China’s iron ore futures push hits speed bump as prices stagnate

Photo by Peter Craven, Wikimedia Commons.

Contracts held by investors in China’s iron ore futures have fallen to the lowest in more than three years, and trading volumes have nearly halved since May, when foreign companies were first allowed to trade directly.

The slump in volumes in China’s second “internationalised” futures contract comes amid stagnant iron ore prices, and shows how the market remains in the hands of local speculators, who are quick to abandon slow-moving markets.

“The biggest players in the iron ore futures market are not the physical traders. They are people who would try any futures market where there’s opportunity to make money,” said a Shanghai-based trader.

The Dalian Commodity Exchange opened its iron ore derivative contract to foreign investors to increase volumes and as part China’s bid to boost its clout overpricing of one of its major commodity imports, making it the second such contract after Shanghai oil futures.

However, open interest – the number of outstanding contracts held by traders and a gauge of liquidity – fell to 854,298 lots on Monday, the lowest since March 2015 and down from a May high of 2.4 million lots.

Monthly trading volumes at the world’s most traded iron ore contract fell to 34 million lots in August from 60.1 million lots in May.

“Iron ore prices have been really flat in recent months. Therefore industrial investors have less hedging demand, while speculators have less interest to invest,” Wang Bing, an official for the Dalian exchange, told Reuters citing industry research.

PRICES, INTEREST FLAT

Iron ore has missed out on the wild moves that pushed Chinese steel prices to seven-year peaks in August and coke prices to record highs, as Beijing clamps down on production as part of its war on smog.

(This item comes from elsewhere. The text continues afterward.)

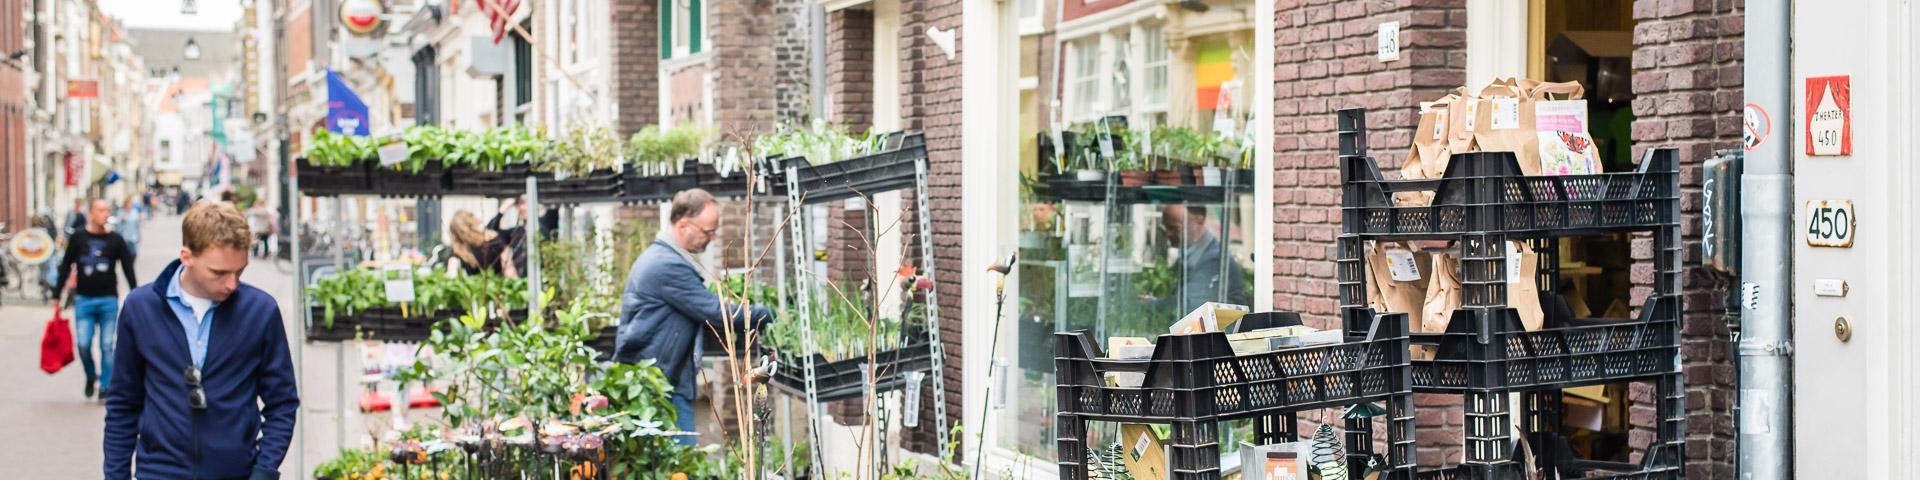 Voorstraat West FvH 20170401 6994

Spot iron ore prices <.IO62-CNO=MB> have been trapped between $63 and $70 a tonne since March amid plentiful supply and weaker demand for low-grade material. “Investors cut their positions due to lower volatility, which means less chance to speculate,” said a manager for futures trading at Jiangsu Shagang Group, the biggest private-owned steel mill in China and an active trader.

At the far smaller iron ore contract on the Singapore Exchange, which market participants say is mostly used for hedging, open interest held at around 1.2 million contracts in May, June and July. Trading volumes have slipped from above 1 million contracts in May to just below 1 million in June and July, exchange data showed.

Still, more than 50 foreign companies have started trading the Dalian iron ore futures contract, Wang Fenghai, exchange chief executive, told an industry conference last week.

And the proportion of institutional investors in open contracts has risen by 10 percentage points to 42.2 percent since May, said Wang, the exchange’s official.

Other foreign companies are taking a wait and see attitude.

“We’re not decided yet. We need to watch the futures market and transaction volumes,” said Tatsushi Shigemori, manager of iron ore and steelmaking resources at the Beijing office of Japanese trading firm Itochu Corp.